Fourier transform infrared spectrum

Figure 1b showed the signal peaks at 3,420 and 1,402 cm⁻¹ originate from the stretching and deformation vibrations of O-H groups, the peak at 1,620 cm⁻¹ belongs to the stretching vibrations of C = C, C = O (Ma et al., 2020), the vibration peaks near 1,010 cm⁻¹ originates from the stretching of C-O, Si-O functional groups, 659–761 cm⁻¹ is the out-of-plane bending of O-H, the signal peak at 700 cm⁻¹ is associated with C-H functional groups (Yu et al., 2019), and the peaks at 570 and 464 cm⁻¹ are thought to be from Fe-O and Fe-OH in Fe₂O₃ and Fe₃O₄.

The signal peak of RM_bc at 3,420 cm⁻¹ was significantly stronger than RM₀, and the presence of a significant narrow O-H peak at 1,402 cm⁻¹ indicated that the loading of biochar effectively increased the presence of oxygen-containing functional groups in the catalyst. The signal peak intensities of C-O, C = O, and C = C functional groups were also significantly enhanced with the introduction of the charcoal material.

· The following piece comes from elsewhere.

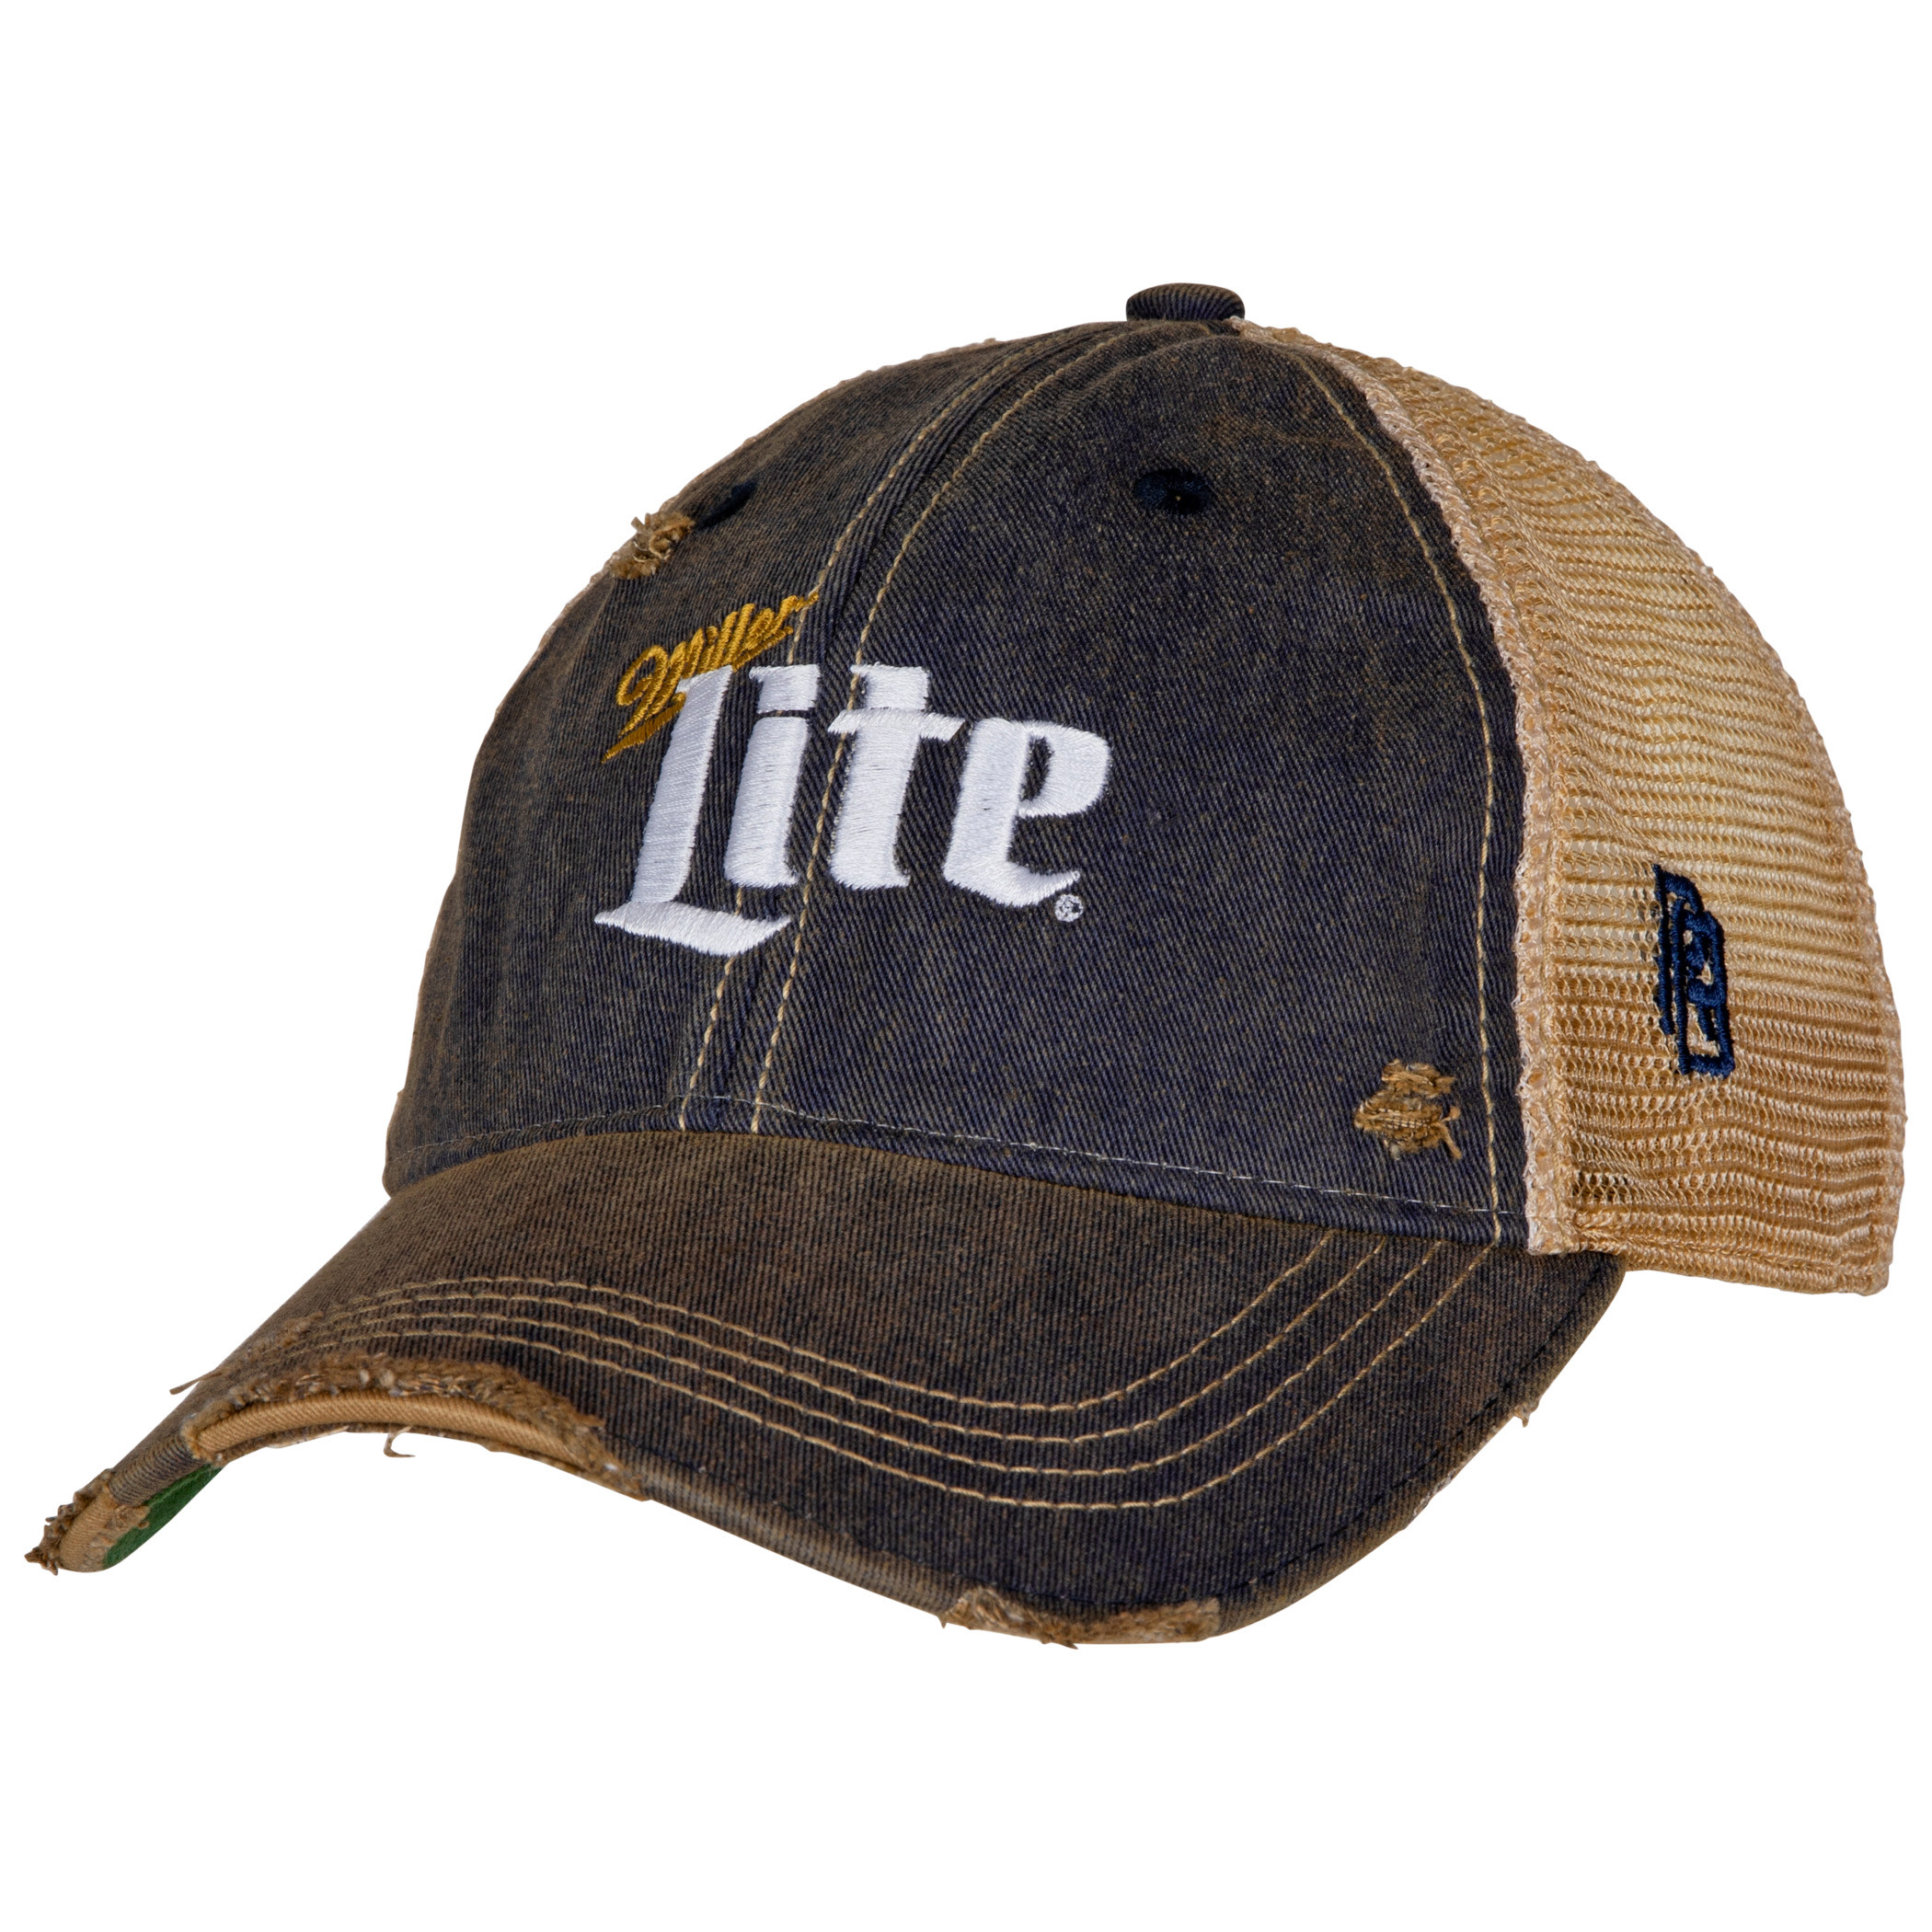 Miller Lite Distressed Logo Die Cut Felt & Embroidered Patch Adjustable Hat

X-ray photoelectron spectroscopy

The intensity of C1s and O1s on the catalyst was significantly increased in RM_bc, and the peak of Fe2p was enhanced after loading biochar (Fig. 1c), The detailed spectra of C1s indicated that the biochar introduced a variety of functional groups such as C-OH, which enriched the type and content of functional groups on the catalyst surface (Fig. 1d). Meanwhile, Fe(II) and Fe(III) were present in both RM₀ and RM_bc, and the peak percentage of representative Fe(II) in RM_bc increased from 14.91% to 23.92% (Fig. 1e), indicating the conversion of Fe(III) to Fe(II).

The reasons for the increase in Fe(II) content can be divided into two pathways: the overall increase of Fe content and the reduction of Fe(III). First, impurities present in the raw red mud were eliminated and the specific surface area of the biochar was broadened by acid modification and introducing of biochar, which promoted the enrichment of Fe (Ioannidi et al., 2020; Luo et al., 2019). Second, the formation of Fe(II) was attributed to the reducing functional groups on the surface of the biochar and the effect on the acid modification of the red mud (An et al., 2023). Mass fraction was used to evaluate the Fe content, the Fe(II) content were 2.30 w/w% for the original red mud, and 8.76 w/w % for the RM_bc due to the XRF and XPS results.

Catalytic performance

Effects of degradation conditions

RM_bc showed high removal reaction rate and good removal effect than RM₀ (Supplementary Fig. S2). With the catalyst dosage increased from 0.3 to 1.0 g/L, the removal rate ranged from 73.4% to 92.5% (Fig. 2a). When the dosage was further increased to 1.3 g/L, the removal rate and reaction rate no longer increased, due to the excess of catalyst in the reaction system and the quenching of the generated radicals by each other [Eq. (4)] (Zhu et al., 2019), At the same time, the active sites such as Fe(II) at the reaction interface also trap the excess radicals, resulting in higher PDS consumption [Eq. (5)].

FIG. 2.

Catalytic performance of RM_bc under different catalyst dosage (a), initial solution pH (b), PDS concentration (c), initial MO concentration (d), temperature (e), and inorganic anions (f). Reaction conditions: [RM_bc] = 0–1.3 g/L, [pH] = 3–11, [PDS] = 0–40 mM, [MO] = 50–150 mg/L, [TEMP] = 20–35°C. MO, methyl orange; PDS, sodium persulfate.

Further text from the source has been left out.